---- RECORDED INFORMATION
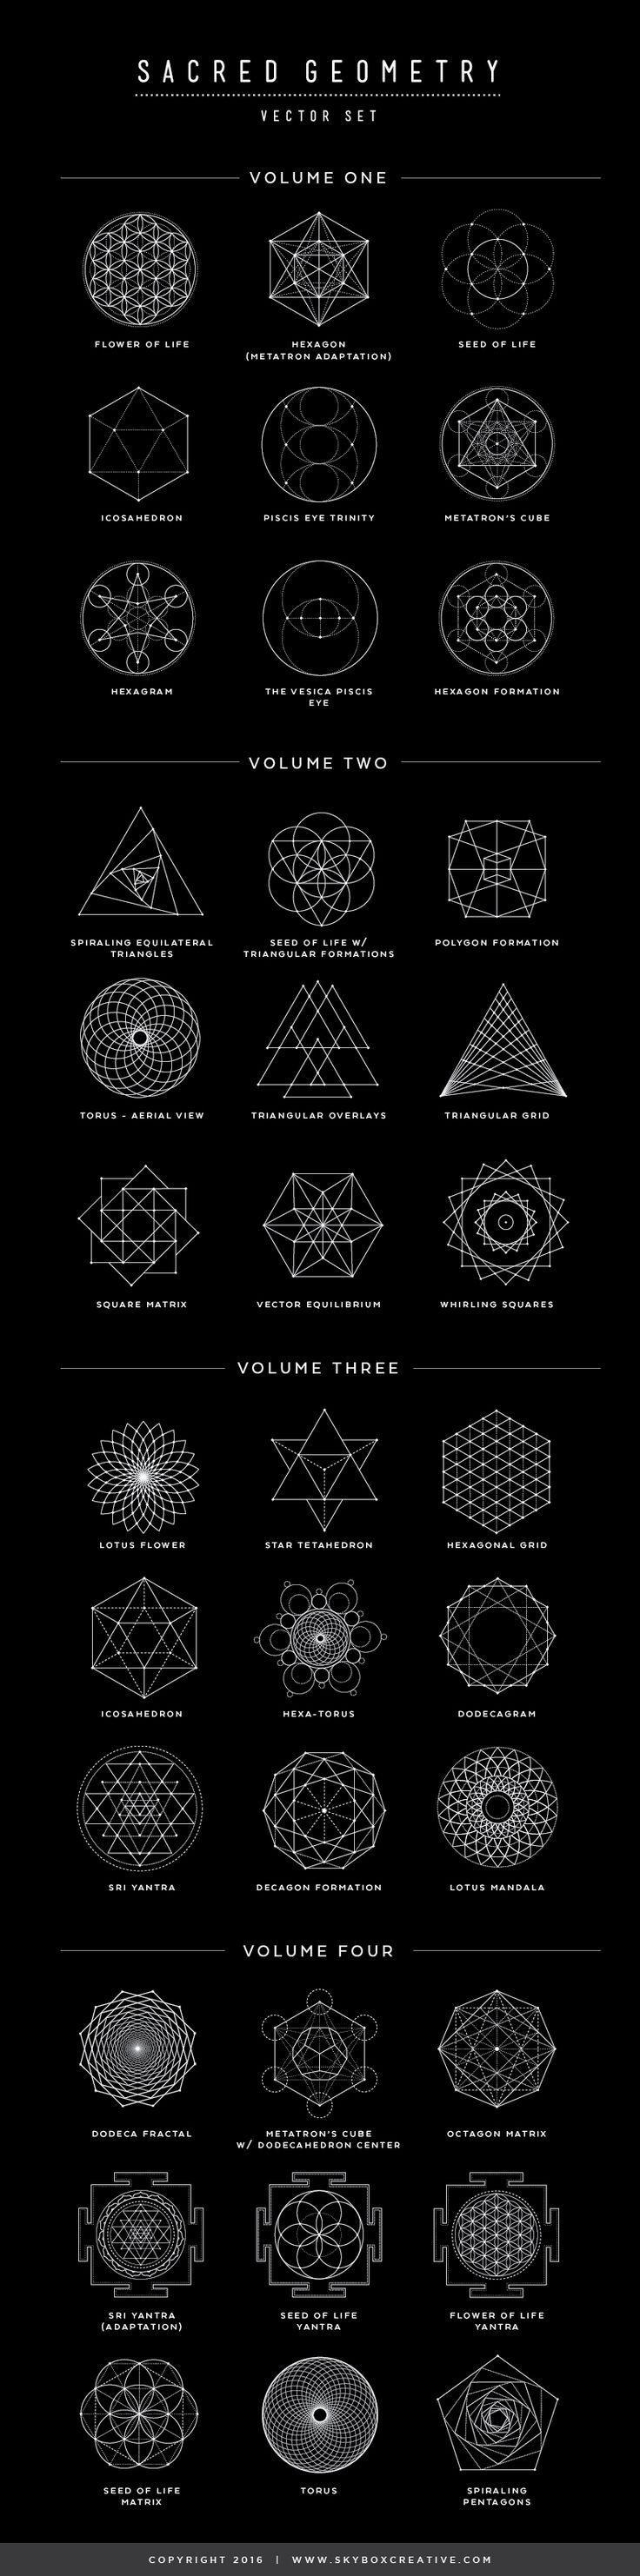 Geometrische Tätowierung - Heilige Geometriesymbole, ihre Namen und Bedeutungen - Tolle Tätow... #greatnames
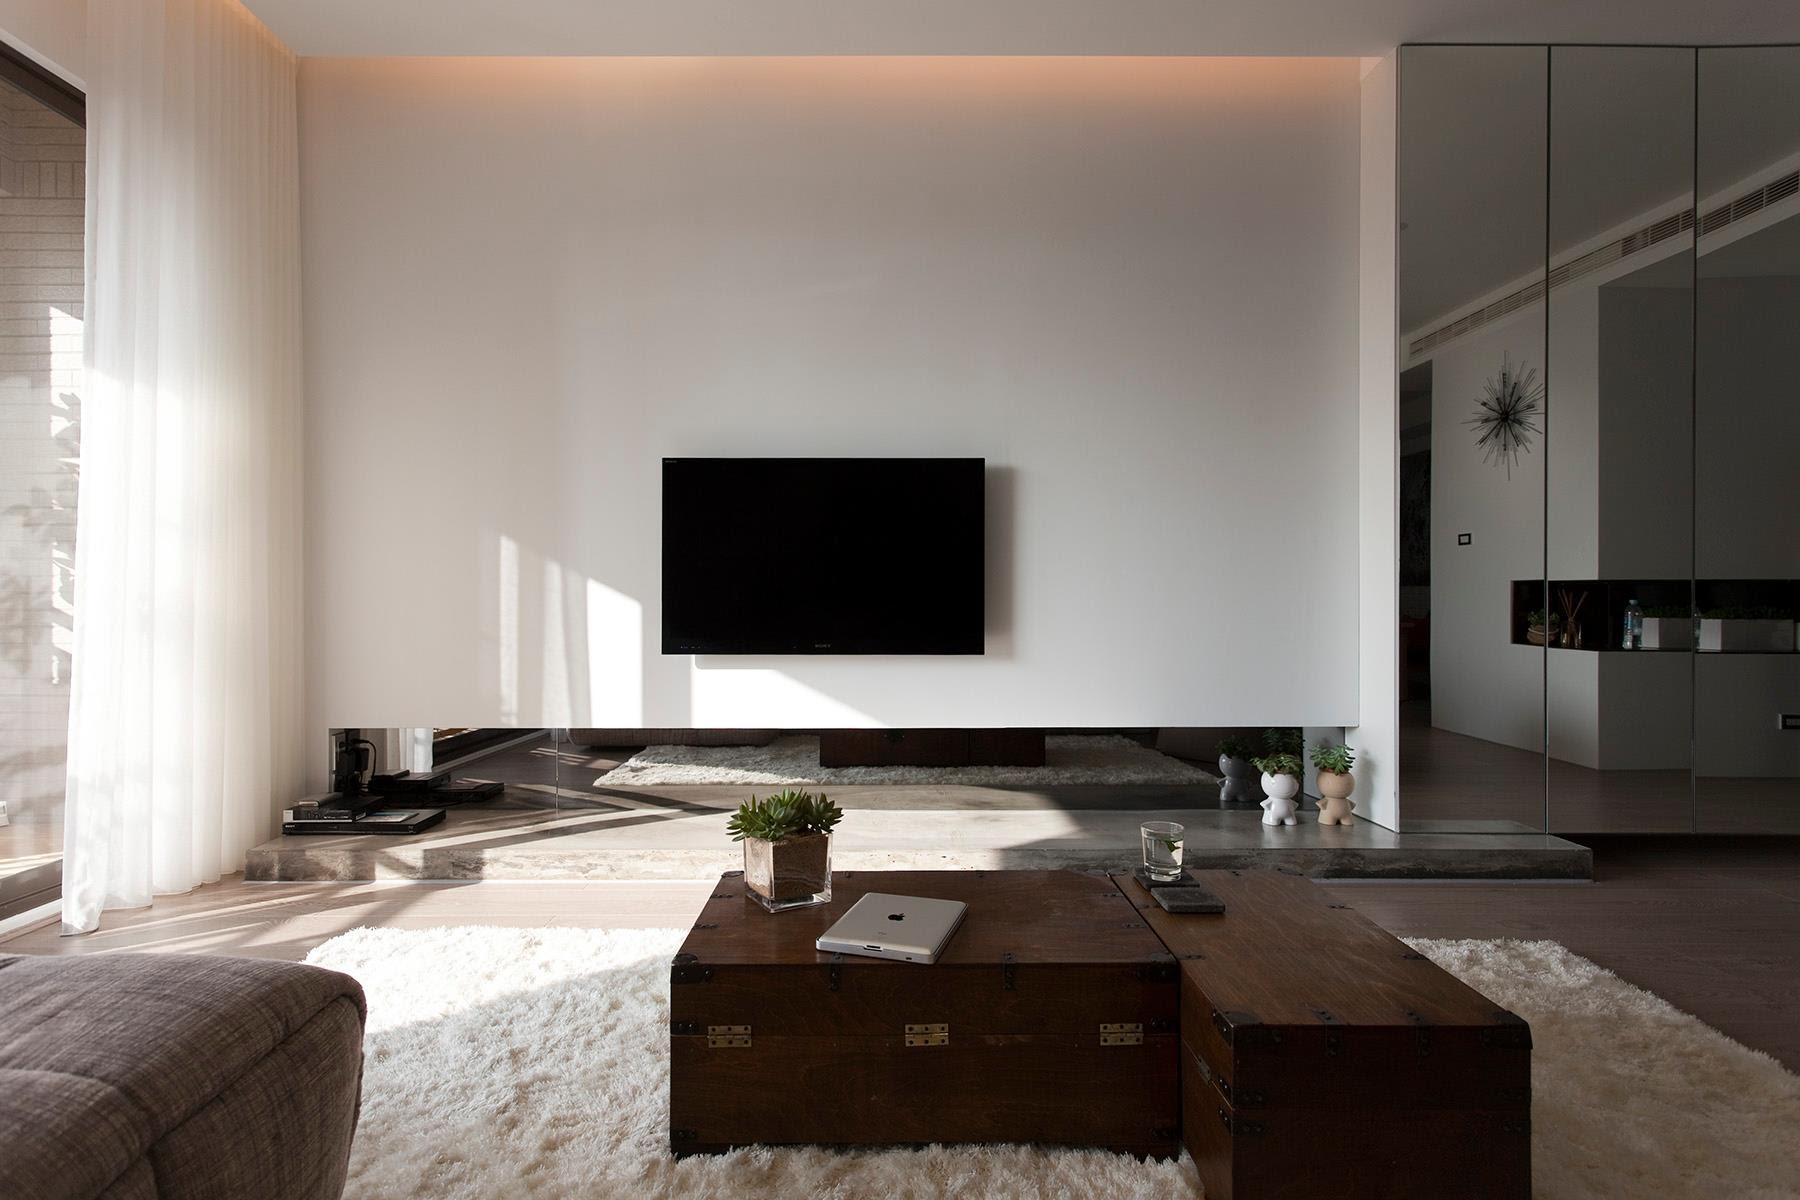 35 Modern Living Room Designs For 2017 / 2018 | Living Room
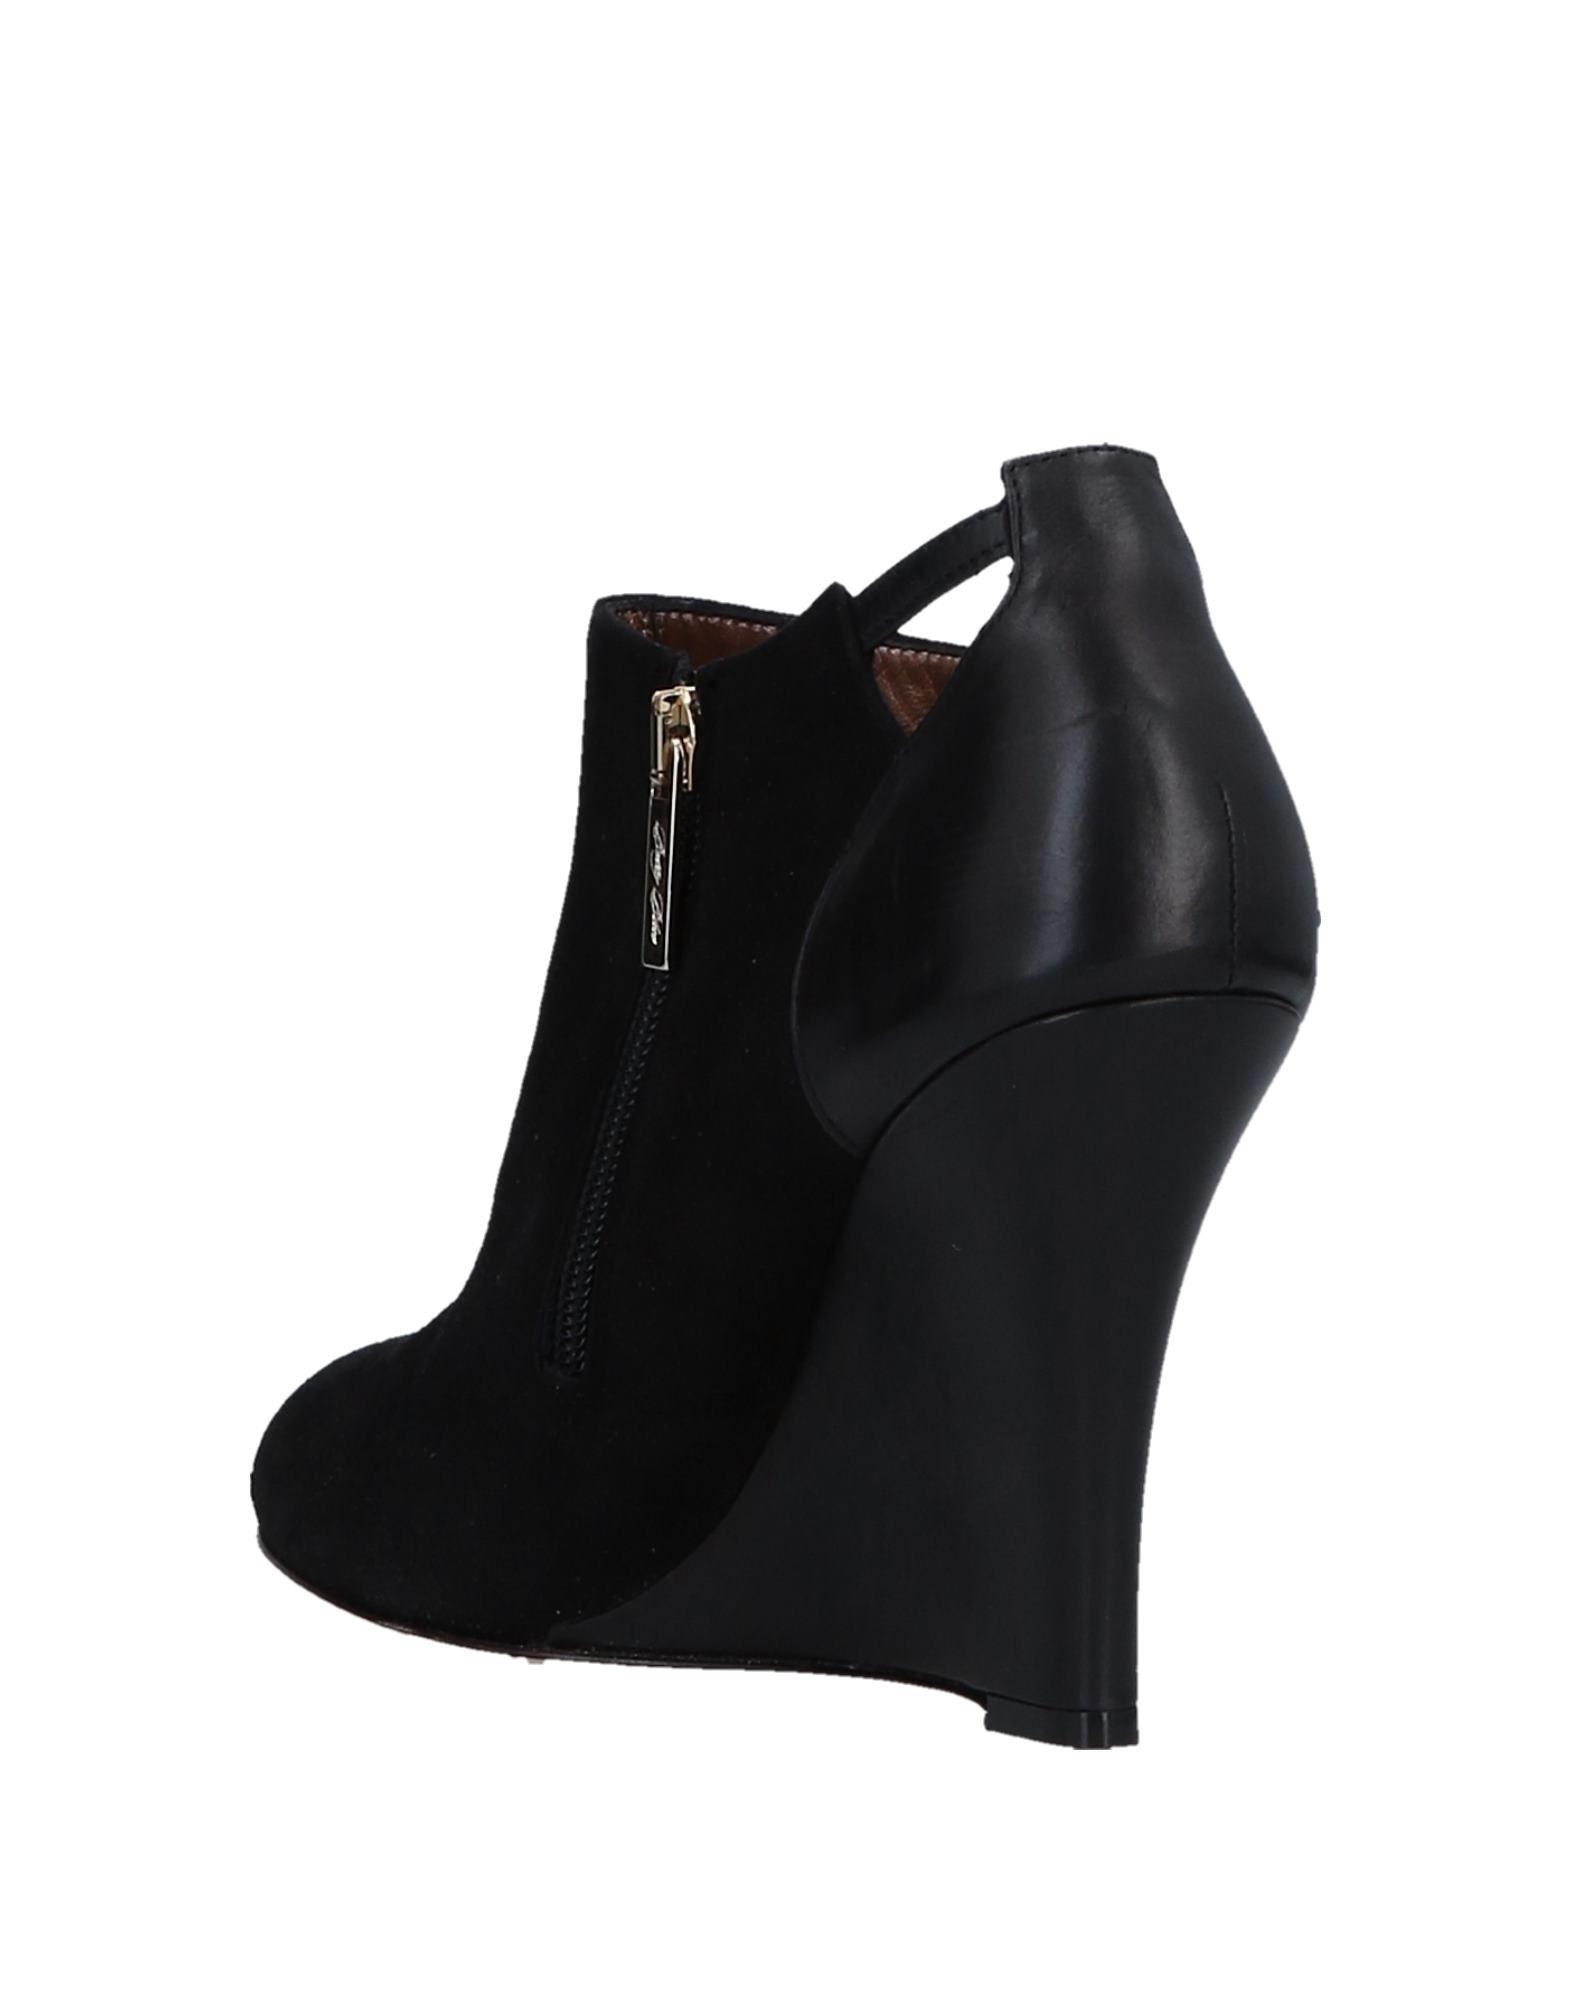 Stilvolle Stiefelette billige Schuhe Betty Blau Stiefelette Stilvolle Damen  11541316GO 9f3e2e
--------
ABOUT THIS EXERCISE: Retype each line above exactly. Leave the images out.

ANSWER TO THE PROBLEM:
 Geometrische Tätowierung - Heilige Geometriesymbole, ihre Namen und Bedeutungen - Tolle Tätow... #greatnames
 35 Modern Living Room Designs For 2017 / 2018 | Living Room
 Stilvolle Stiefelette billige Schuhe Betty Blau Stiefelette Stilvolle Damen  11541316GO 9f3e2e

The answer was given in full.